Lisez le journal de test et vérifiez que les cas de test de clés protégées par matériel (par exemple, FBEPolicyTest.TestAesInlineCryptOptimizedHwWrappedKeyPolicy et DmDefaultKeyTest.TestHwWrappedKey) n'ont pas été ignorés parce que la compatibilité avec les clés protégées par matériel n'a pas été détectée, car les résultats des tests sont toujours "réussis" dans ce cas.

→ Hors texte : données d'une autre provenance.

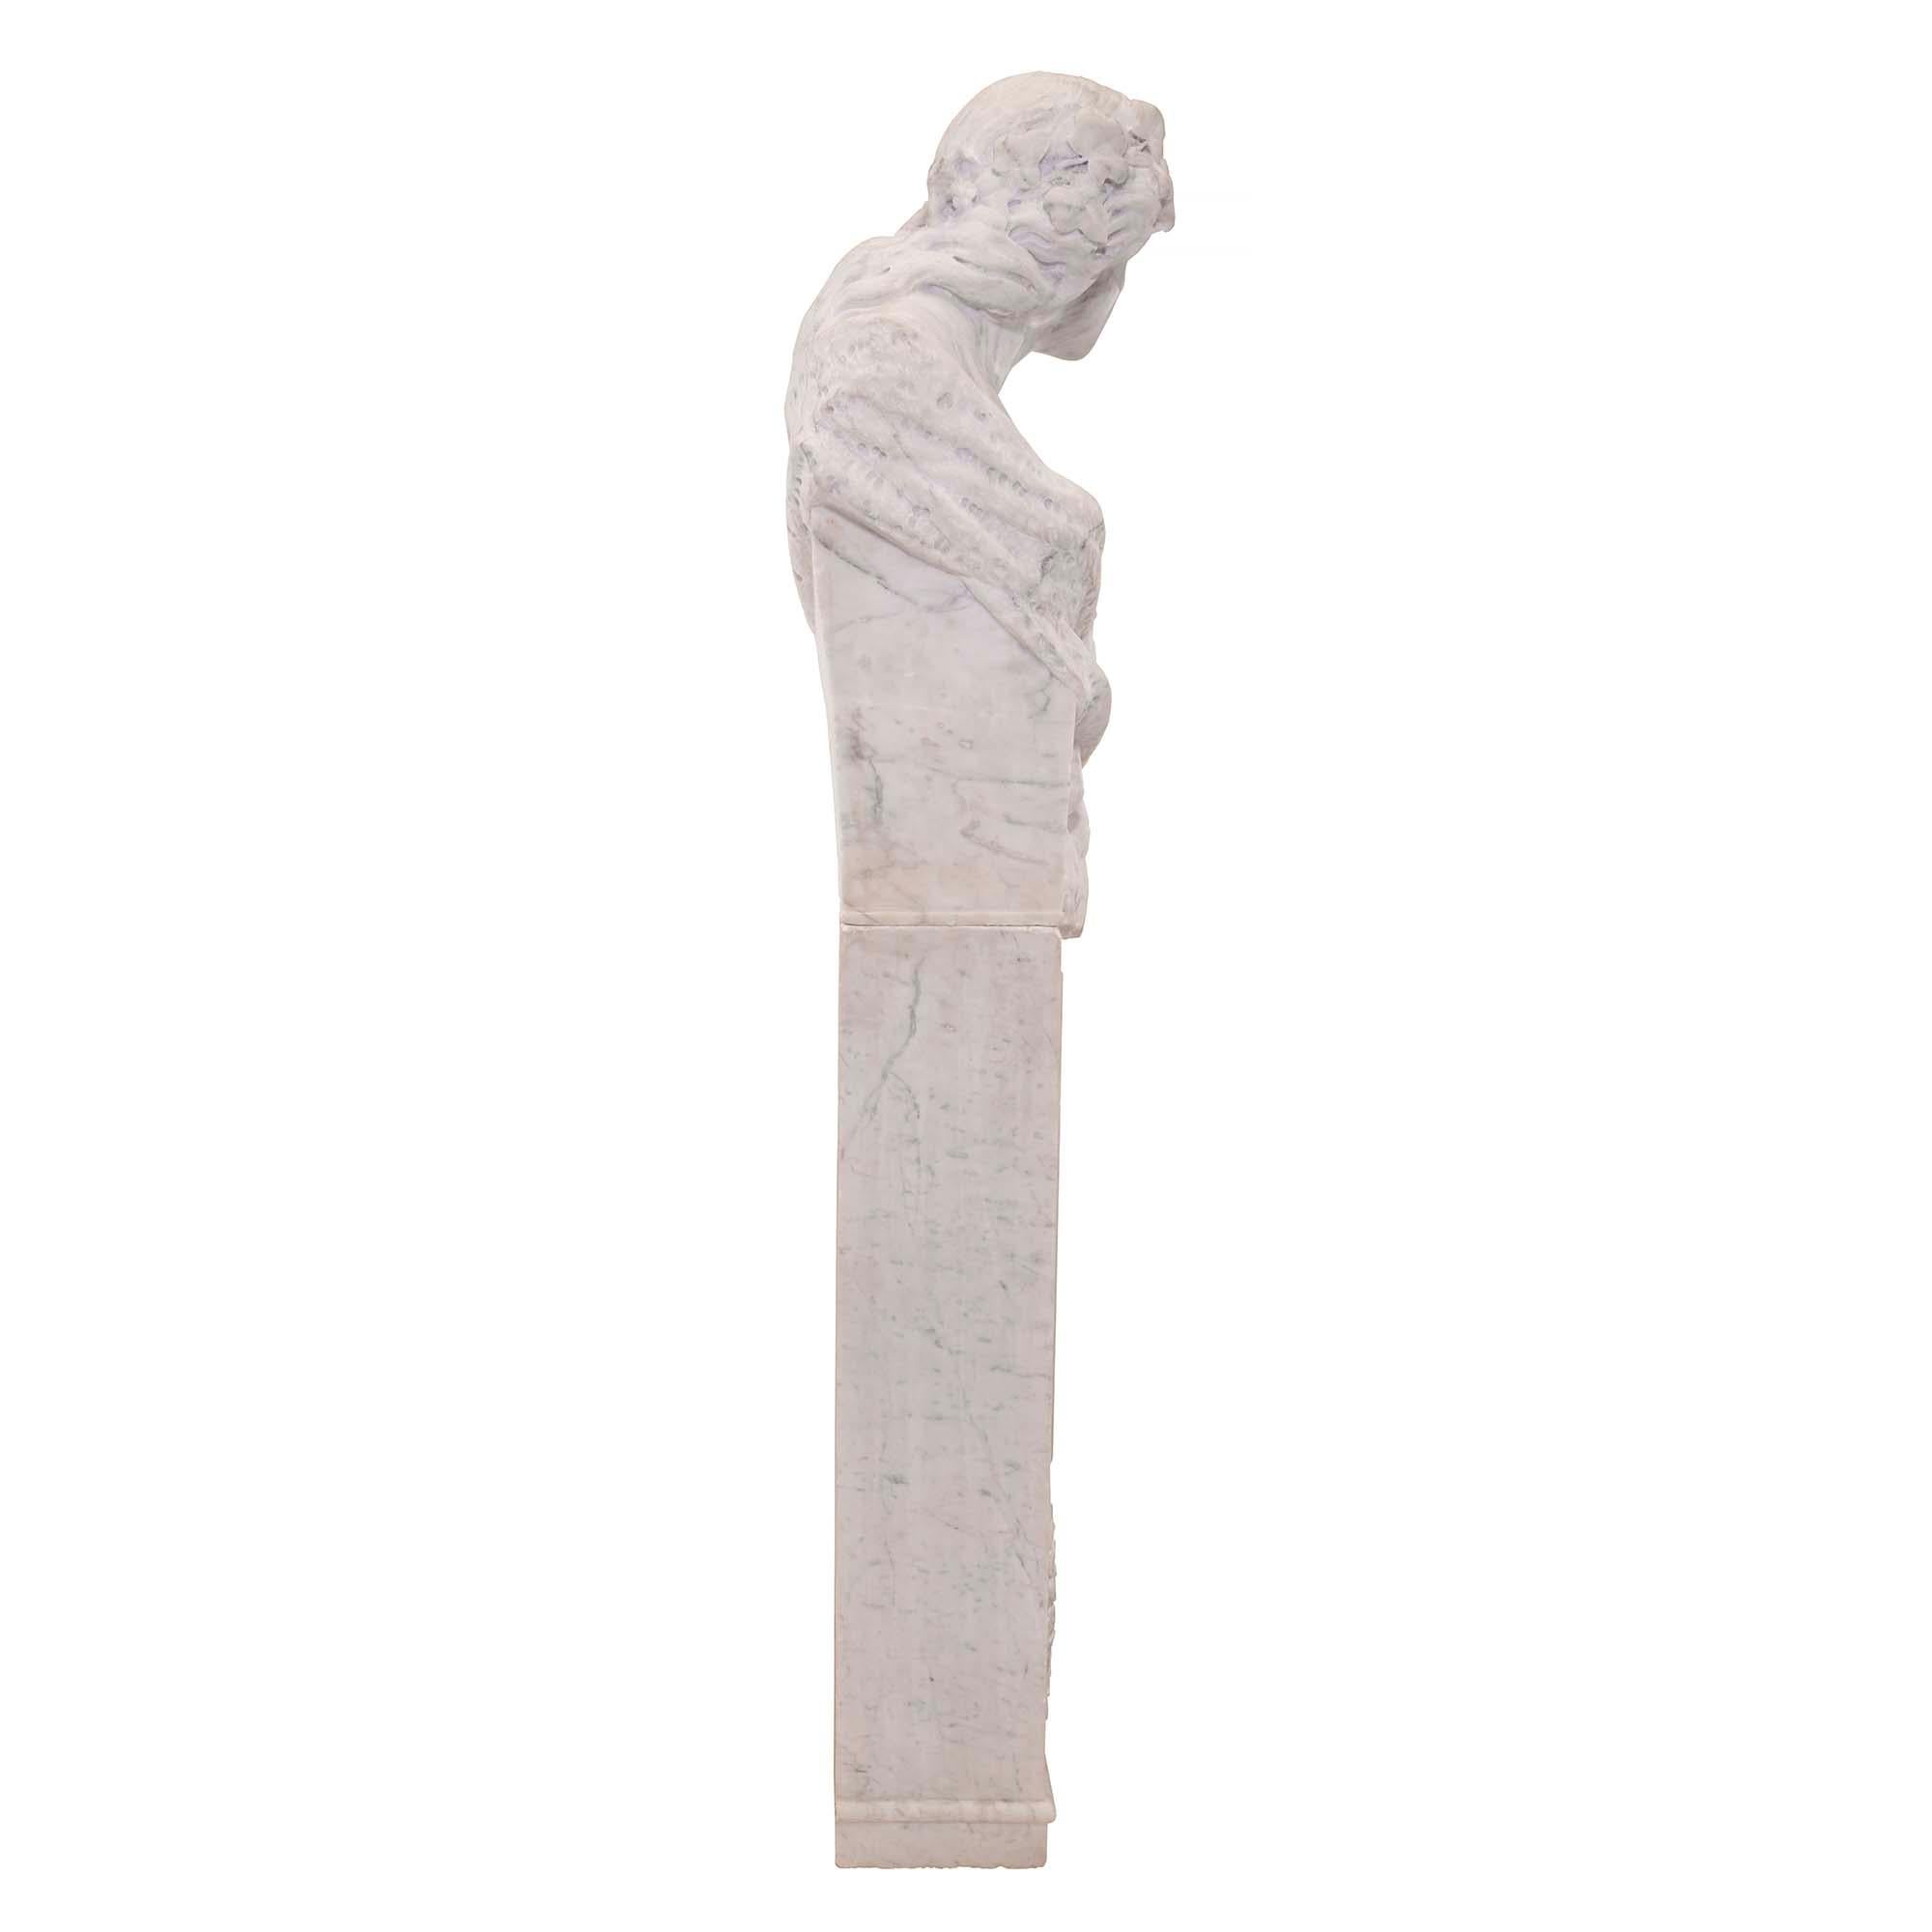 A very decorative Italian 19th century white Carrara marble freestanding statue of a Garden Maiden. The statue is raised by a rectangular marble pedestal with a richly carved floral wreath and a tied bow below a mottled raised panel. The upper

Par défaut, vts_kernel_encryption_test suppose que le matériel implémente une KDF qu'il appelle kdf1. Cette KDF appartient à la famille des KDF en mode compteur de la publication NIST SP 800-108 et utilise AES-256-CMAC comme fonction pseudo-aléatoire. Pour en savoir plus sur CMAC, consultez la spécification CMAC. Le KDF utilise des contextes et des libellés spécifiques lors de la dérivation de chaque sous-clé. Le matériel doit implémenter ce KDF, y compris le choix exact du contexte, du libellé et du format de la chaîne d'entrée fixe lors de la dérivation de chaque sous-clé.

Toutefois, vts_kernel_encryption_test implémente également des KDF supplémentaires kdf2 via kdf4. Elles sont aussi sécurisées que kdf1 et ne diffèrent que par le choix des contextes, des libellés et de la mise en forme de la chaîne d'entrée fixe. Elles n'existent que pour s'adapter aux différents matériels.

Pour les appareils qui utilisent un autre KDF, définissez la propriété système ro.crypto.hw_wrapped_keys.kdf dans PRODUCT_VENDOR_PROPERTIES sur le nom du KDF tel qu'il est défini dans le code source du test. vts_kernel_encryption_test vérifie alors ce KDF au lieu de kdf1. Par exemple, pour sélectionner kdf2, utilisez :

PRODUCT_VENDOR_PROPERTIES += ro.crypto.hw_wrapped_keys.kdf=kdf2

Pour les appareils qui utilisent une KDF non compatible avec le test, ajoutez également une implémentation de cette KDF au test et donnez-lui un nom unique.

Activer les clés encapsulées

Lorsque la prise en charge des clés encapsulées dans le matériel de l'appareil fonctionne correctement, apportez les modifications suivantes au fichier fstab de l'appareil pour qu'Android l'utilise pour le chiffrement FBE et des métadonnées :

  • FBE : ajoutez le flag wrappedkey_v0 au paramètre fileencryption. Par exemple, utilisez fileencryption=::inlinecrypt_optimized+wrappedkey_v0. Pour en savoir plus, consultez la documentation FBE.
  • Chiffrement des métadonnées : ajoutez le flag wrappedkey_v0 au paramètre metadata_encryption. Par exemple, utilisez metadata_encryption=:wrappedkey_v0. Pour en savoir plus, consultez la documentation sur le chiffrement des métadonnées.